Блуждание центров власти — это её ослабление. Литературной власти это тоже касается. Где те авторитеты, которые могут сориентировать меня в литературном пространстве? Кто может мне сказать: вот талант, вот крепкий мейнстрим, а тут и вовсе бездарность? Никто не может. Вернее, всякий может. И тут же получит в рыло, в смысле — язвительную отповедь. Или, хуже того (и гораздо чаще того), голос его затихнет в тумане.
Помню, в 1990 году Лев Аннинский написал краткий отклик на серию статей моего приятеля. Надобно сказать, что тот был не последний человек в политической публицистике, редактор популярного издания и вообще крупнейший анфан террибль. Я принёс ему номер журнала «Дружба народов» с заметкой Аннинского.
— Боюсь читать, — слабо улыбнулся мой друг. — Отвернись, а?
А кому сейчас какая разница, что о нём напишет хоть сам…
А хоть кто? Да подумаешь!
Один главный критик исписался, другой, такой же главный, исхохмился. Третьего вообще не слышно. Это приносит массу неудобств.

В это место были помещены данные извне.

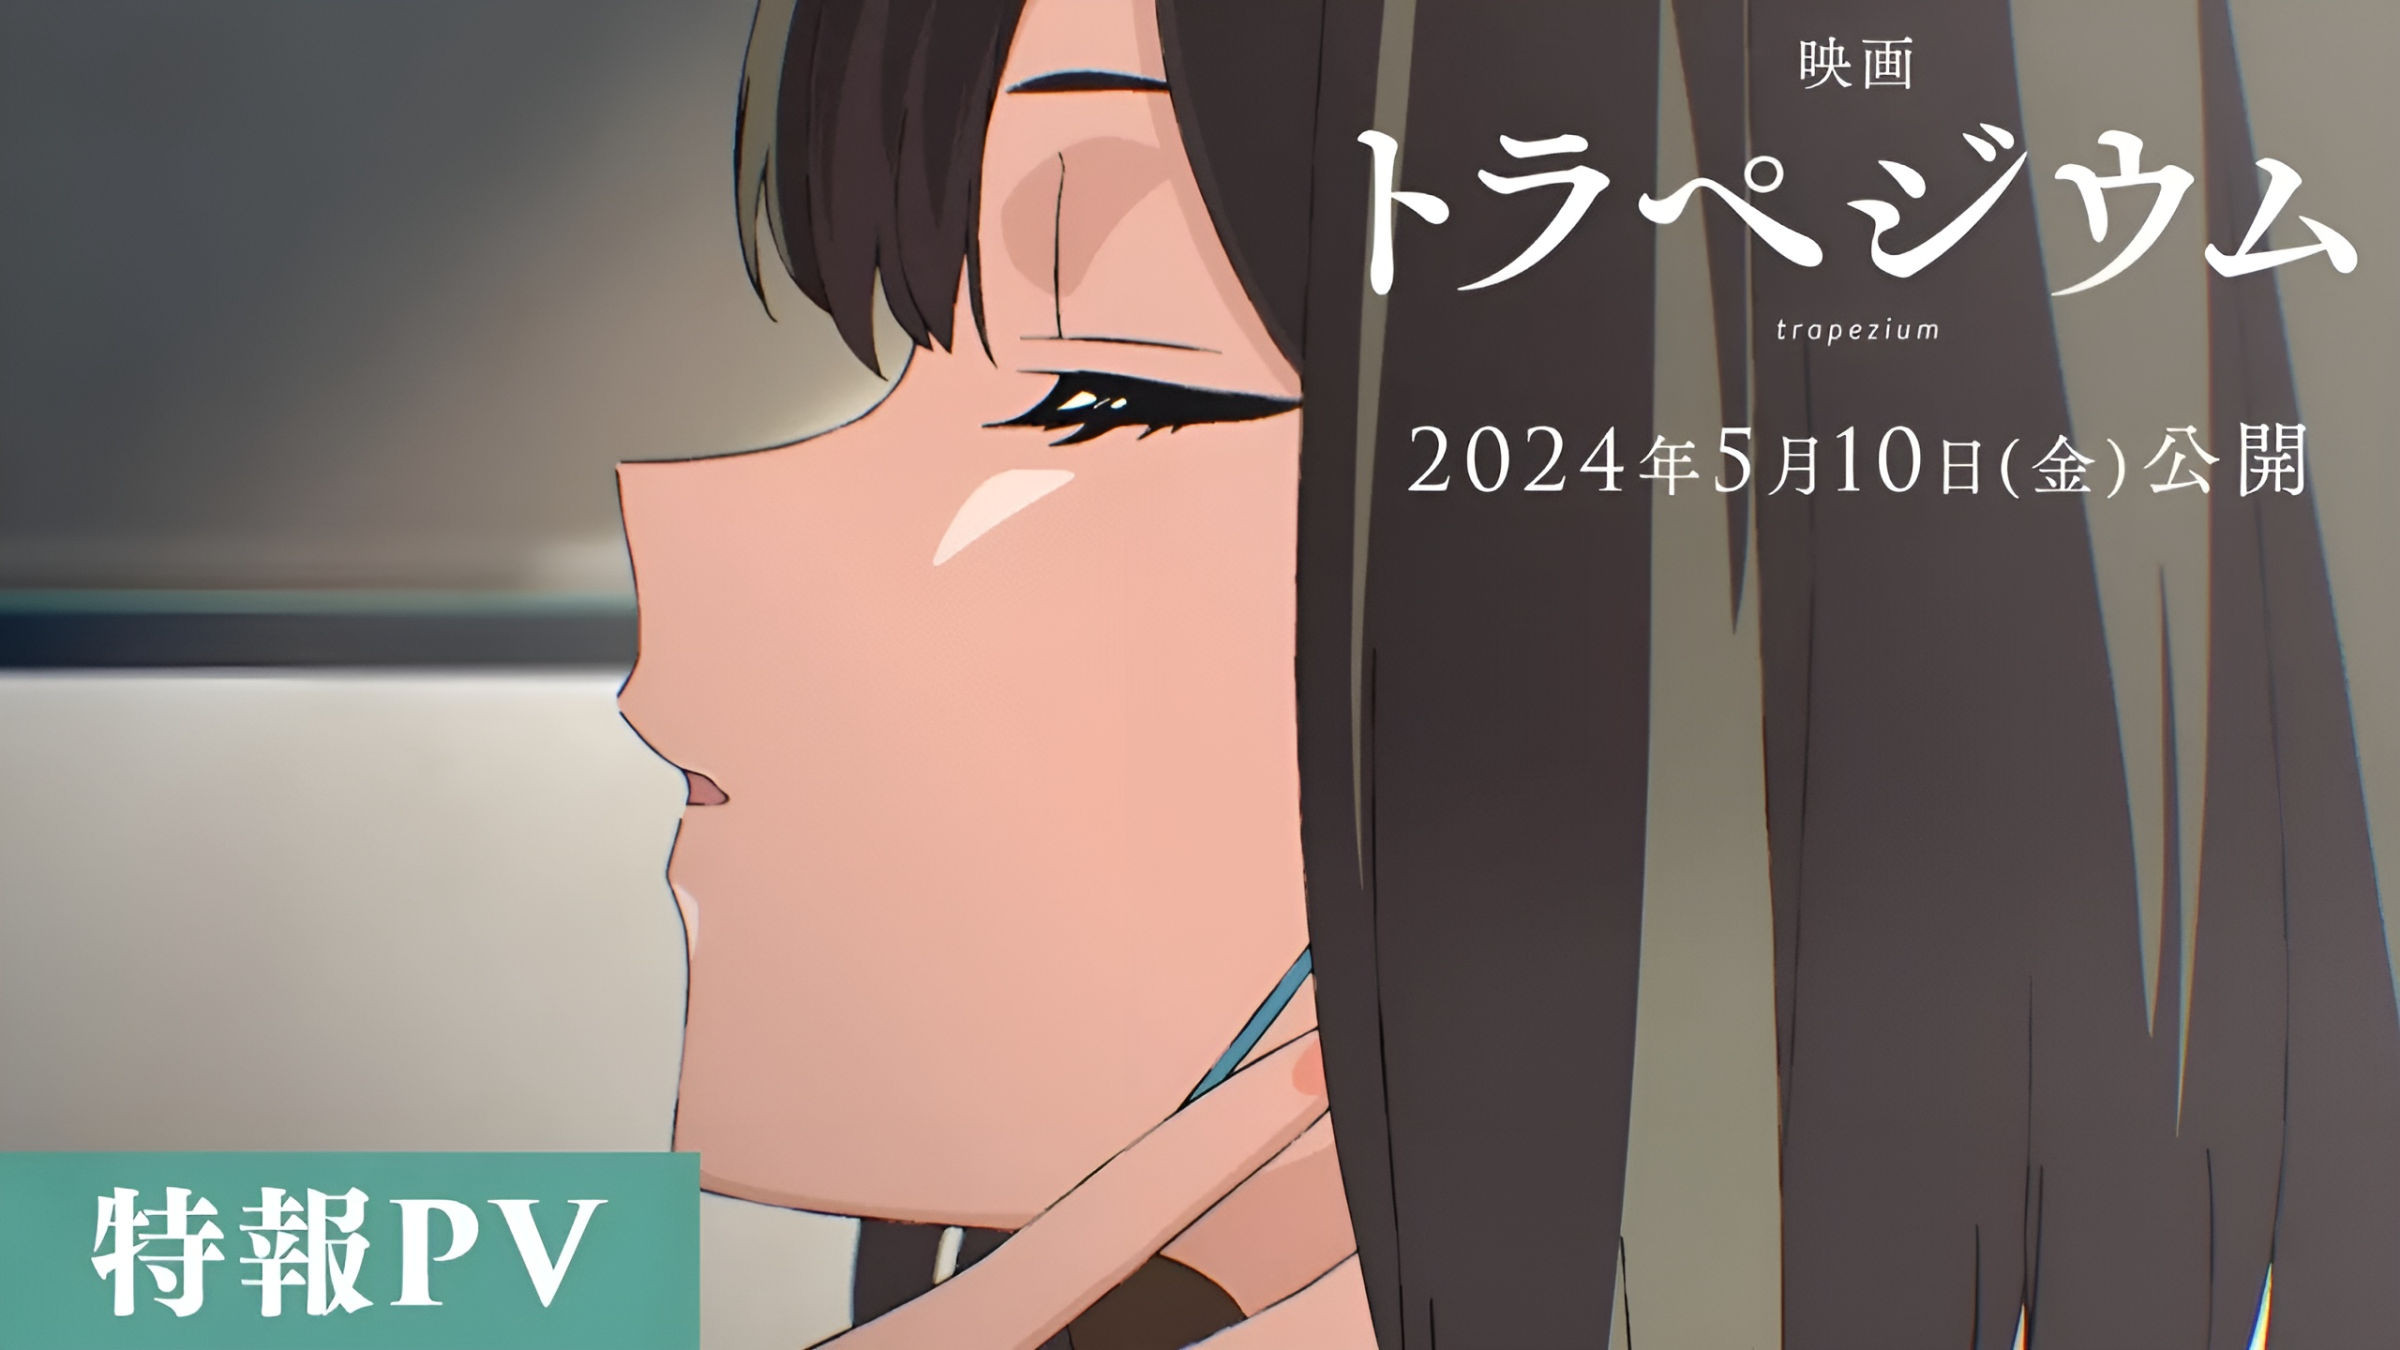 Kazumi Takayama’s Trapezium Novel Gets Anime Film Adaptation for May 2024

Стандартный разговор с интеллигентным человеком: «Вы любите поэзию?» «Да, конечно!» «Вы читаете современных поэтов?» «Ну разве что Бродского». Интересные дела. А почему? А потому что откуда знать интеллигентному человеку, какой поэт хороший, а какой — так себе?
С прозой в этом смысле надёжнее. Читатели текущей прозы хотя бы отчасти доверяют собственному вкусу и рекламе. Ещё сохранилась привычка куда-то опускать глаза во время поездки в метро; при этом платишь свои деньги почти как за билет, и это справедливо. А кто читает стихи?
Феномен, описанный итальянским поэтом Эудженио Монтале: поэтов в Италии десять тысяч, тираж книги стихов не превышает тысячи экземпляров. Поэтическое сообщество, полагает автор, легко потребляет суммарный тираж. Тем более что 1000 экземпляров — цифра предельная (даже запредельная!), поэт выпускает книгу далеко не каждый год, а значительная часть тиража расходится среди родственников со стороны жены. Теоретически каждый итальянский поэт может иметь представление о творчестве всего 10 процентов своих коллег. Но только теоретически. И не только итальянский, мне кажется.
Поэтом мы условно назовём человека, выпускающего книгу стихов. Стихами условно назовём текст, в начале которого написано «стихи». Текст «стихи» имеет характерное типографическое оформление: на странице помещены короткие строчки разной длины и разного количества на разных страницах. Меж тем как текст «проза» (то есть текст, в начале которого написано что угодно, но не «стихи») типографически оформлен несколько иначе: на странице помещены длинные строки одинаковой длины и одинакового количества на разных страницах. Разумеется, кроме так называемых спусковых и концевых полос, но это мелочи, которые не мешают с первого взгляда отличить текст «проза» от текста «стихи». Очевидно, что по многим причинам, в том числе и в силу особенностей типографического оформления, текст «поэзия» гораздо легче и приятнее писать, чем читать за свои деньги. Текст «проза» — наоборот. Оговорка про деньги — существенная, и вот почему.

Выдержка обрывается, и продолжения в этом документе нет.